The compiled evidence supports a multifaceted association between microplastics and CNS dysfunction and disease. Microplastics exhibit size- and surface-dependent biocompatibility that facilitates absorption, transport, and accumulation in brain regions through systemic circulation, direct olfactory translocation, and compromised BBB. Mechanisms converge on oxidative stress, neuroinflammation, mitochondrial and energy metabolism disruption, proteostasis impairment, neurotransmission alterations, glymphatic dysfunction, and microbiota-mediated gut–brain and lung–brain axis effects.
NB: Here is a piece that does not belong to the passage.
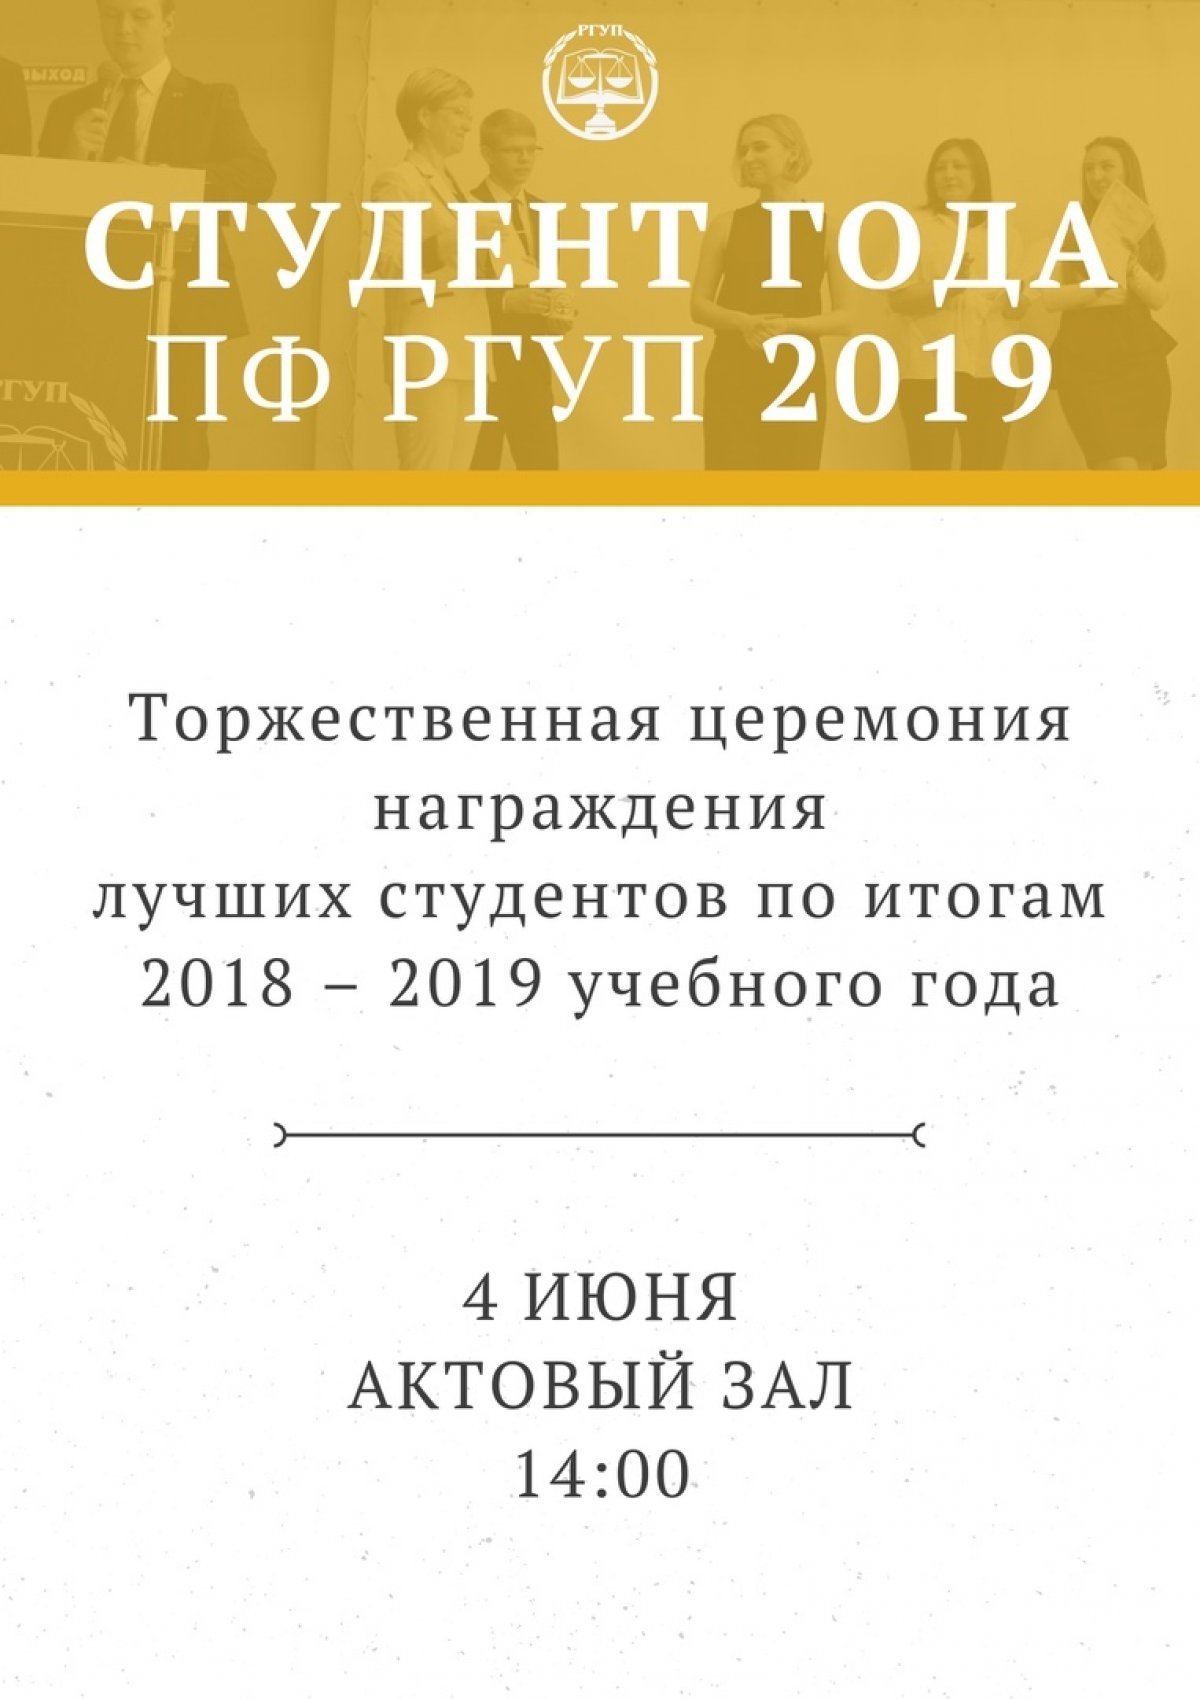 Уже совсем скоро, 4 июня, в рамках Всероссийского конкурса «Студент года» состоится торжественная церемония награждения лучших студентов по итогам 2018–2019 учебного года!

Developmental vulnerability is pronounced, with maternal exposures affecting neuronal migration, myelination, synaptogenesis, and behavior in offspring. Evidence spans model organisms, human cell systems, and human observational data indicating cognitive associations. The findings have public health relevance, highlighting microplastics as emerging risk factors for neurodevelopmental, neurodegenerative, inflammatory, vascular, and neuroendocrine conditions, and provide a basis for risk assessment and environmental policy considerations.

Microplastics can enter the human body via ingestion, inhalation, and dermal contact, permeating multiple organs including the brain and causing neurotoxicity, impaired cell proliferation, and immune suppression across life stages. The review underscores age-independent, multi-organ, and multi-level pathological effects and identifies CNS impacts as complex and critically underexplored. The synthesis provides a foundation for public health risk assessment and environmental policy formulation regarding microplastic exposure and CNS health.